The facts are stated in the opinion of the court.
Franklin Swart, John D. Willard, Gilbert D. Ferrell, James T. O'Keefe, J.E. McCurdy and J.W. Coleberd for Appellants.
Kirkbride Gordon for Respondent.
Everett W. Mattoon, County Counsel, Los Angeles County, and J.H. O'Connor, Assistant County Counsel, Amici Curiae, in Support of Petition for Rehearing.
This action was commenced in the superior court in and for the county of San Mateo to compel the chairman of the board of supervisors of said county to sign a contract awarded by said board to the plaintiff for the performance of certain street work in a proceeding had and taken under the Road District Improvement Act of 1907 (Stats. 1907, p. 806), as amended. From a judgment in favor of the plaintiff the defendants have appealed. In their answer the defendants allege and now urge that the said proceedings are invalid for reasons which will be considered.

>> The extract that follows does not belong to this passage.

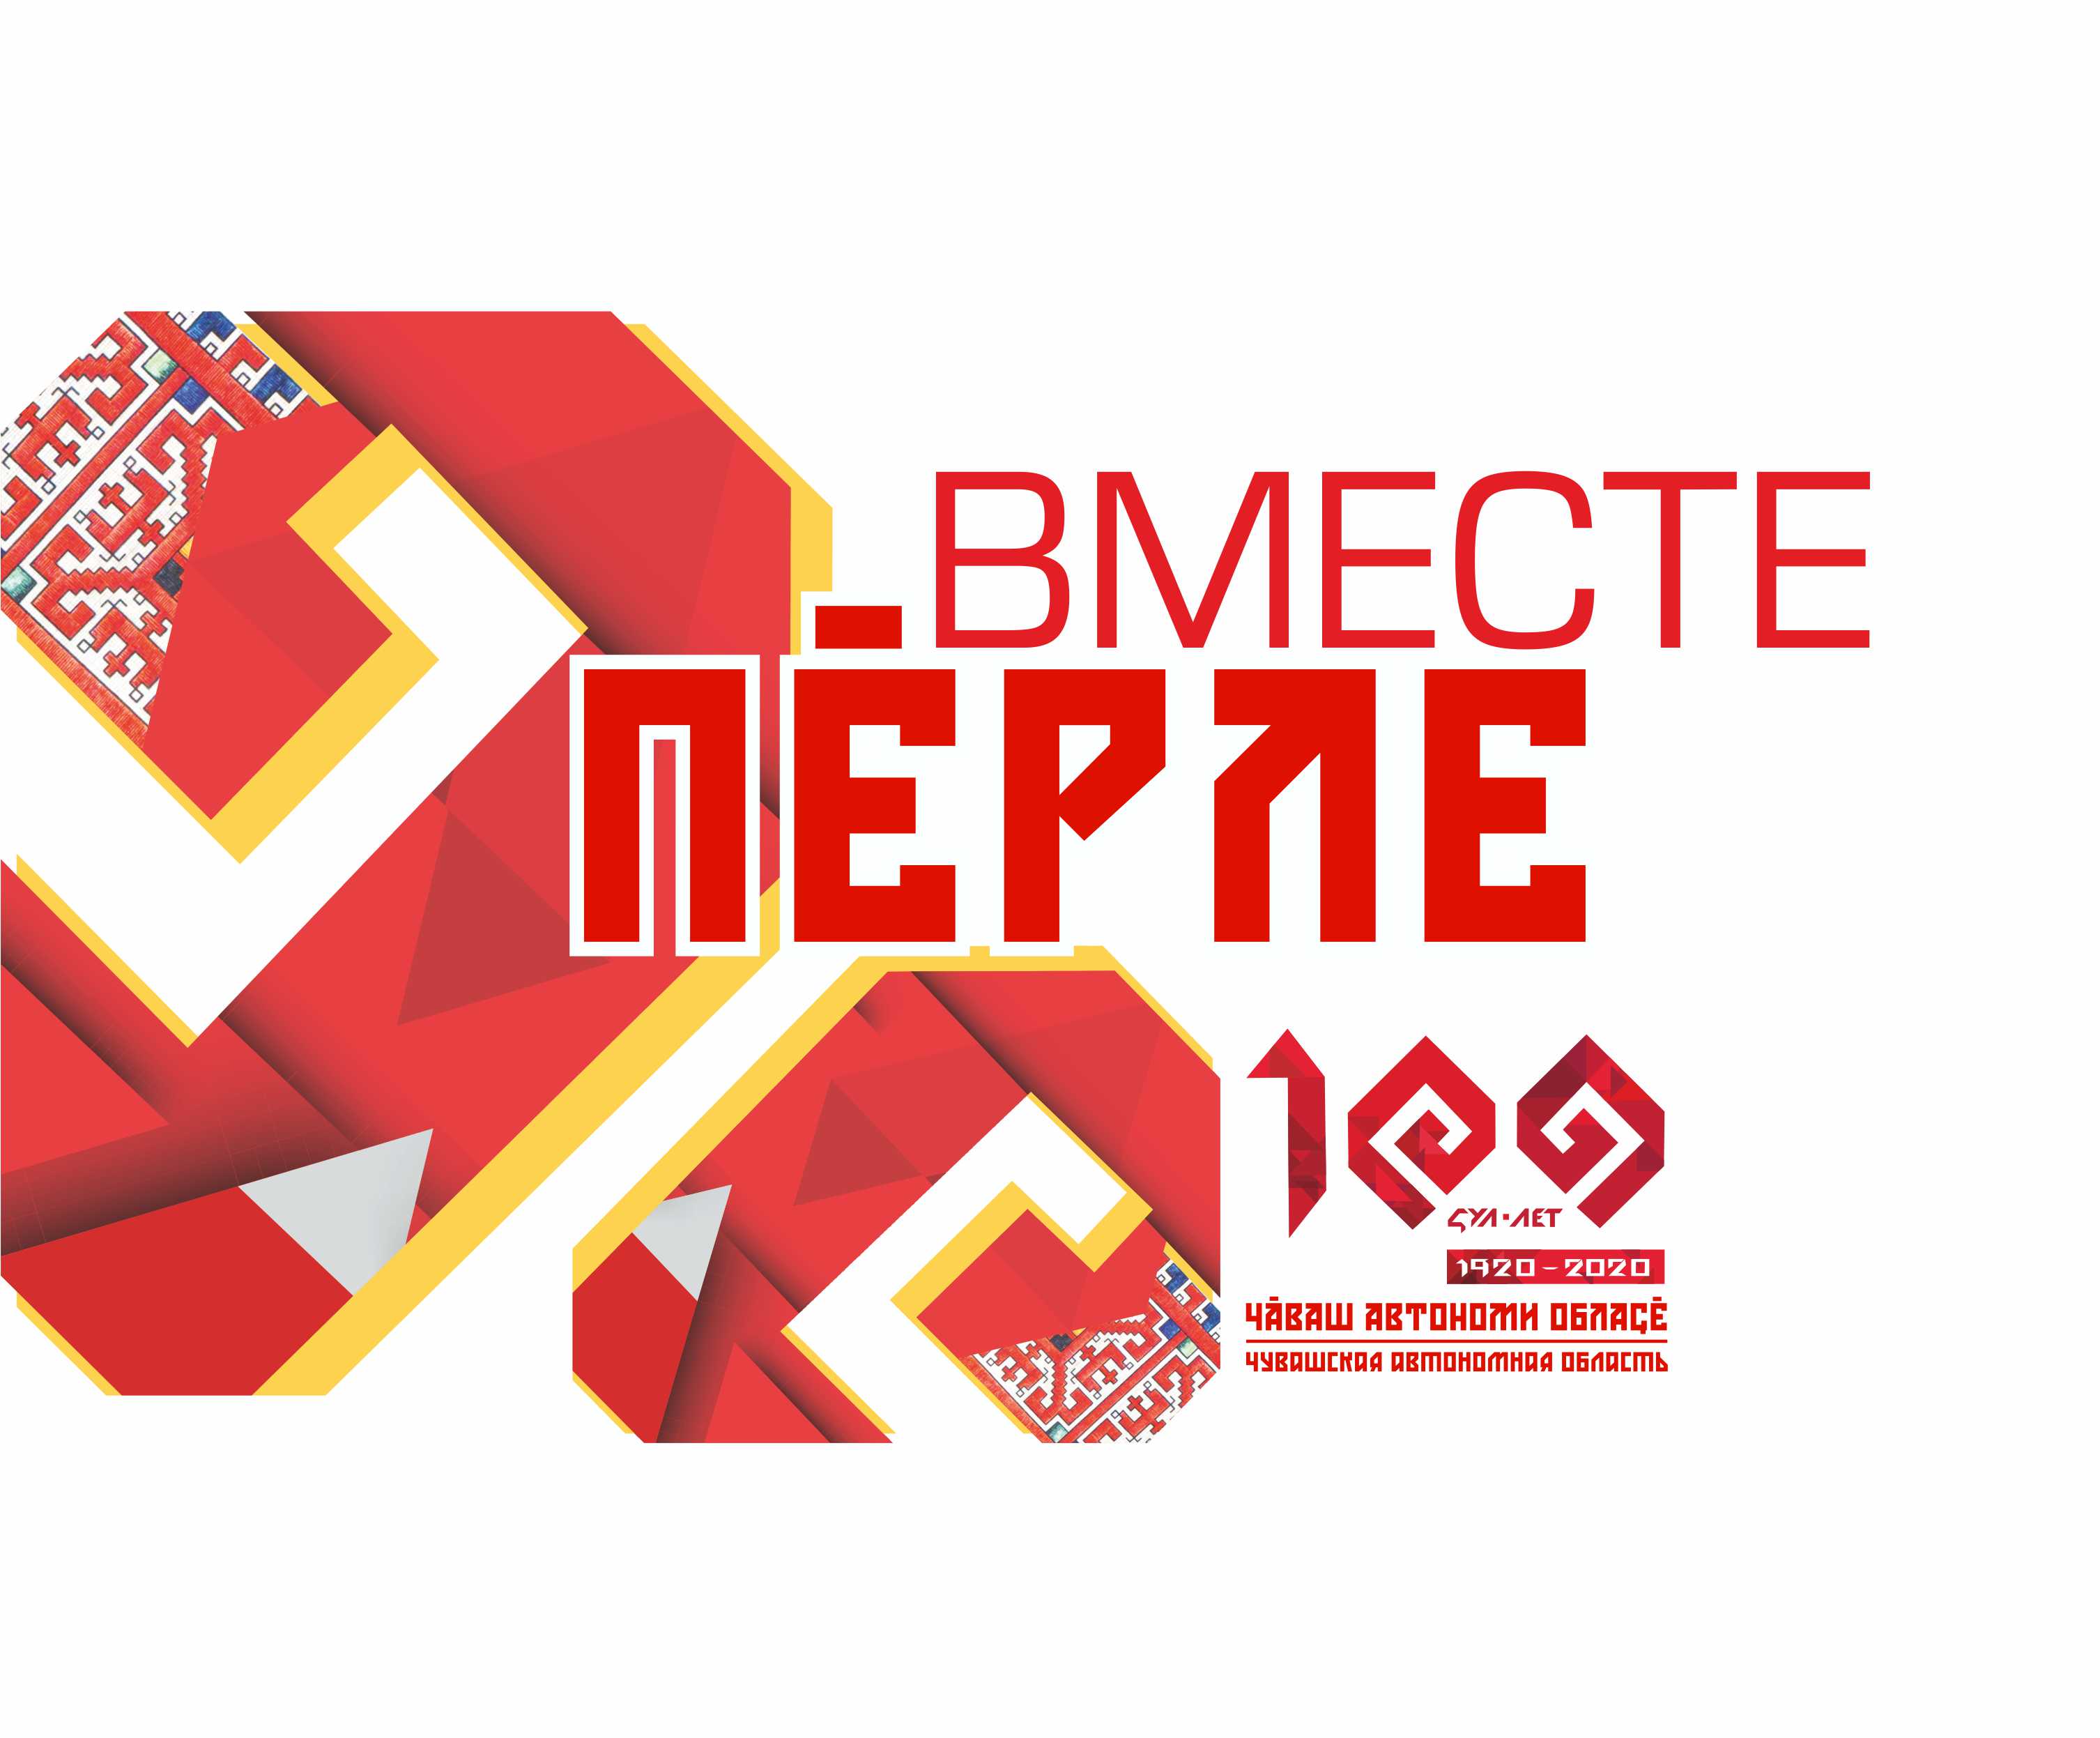 100-летие образования Чувашской автономной области

The resolution of intention was published on the fifteenth, twenty-second and twenty-ninth days of September, 1923, and the "Notice of Road District Improvement" was posted on September 25th. On October 15th the board of supervisors proceeded to hear such objections as were offered against the work, including those of the defendants other than the defendant chairman of said board, and on the same day the board adopted a resolution ordering the work to be done and fixing the time for the reception of bids on November 5th. Notice to bidders was duly posted and published, the bids were received, opened, and examined and on November 19, 1923, the board adopted a resolution awarding the contract to the plaintiff. Subsequently a form of contract was presented to the defendant chairman of said board for his signature. He refused to sign the contract on the ground that he had been advised by counsel for certain interested property owners that the proceedings were irregular and that he thought, in the interest of all concerned, the legality of the proceedings should be tested in court. This action was accordingly commenced to compel the execution of the contract.
[1] It is first contended that the board of supervisors was without jurisdiction to hear the objections to the work at the time the same were heard and disposed of by reason of an alleged insufficient notice of the passage of the resolution of intention. Section 5 of the act provides that printed copies of the resolution of intention headed "Notice of Road District Improvement" shall be "posted along the line of work described in said resolution. . . ., and published. . . . . Affidavits in proof of such publication and posting shall be filed with the clerk of the board of supervisors. When, before the day of the hearing specified in the resolution of intention, twenty days have elapsed since the posting and the first publication (they need not be simultaneous) of the resolution of intention, the board of supervisors shall have acquired power to proceed with such hearing and to take all other action in the proceeding as is in this act authorized."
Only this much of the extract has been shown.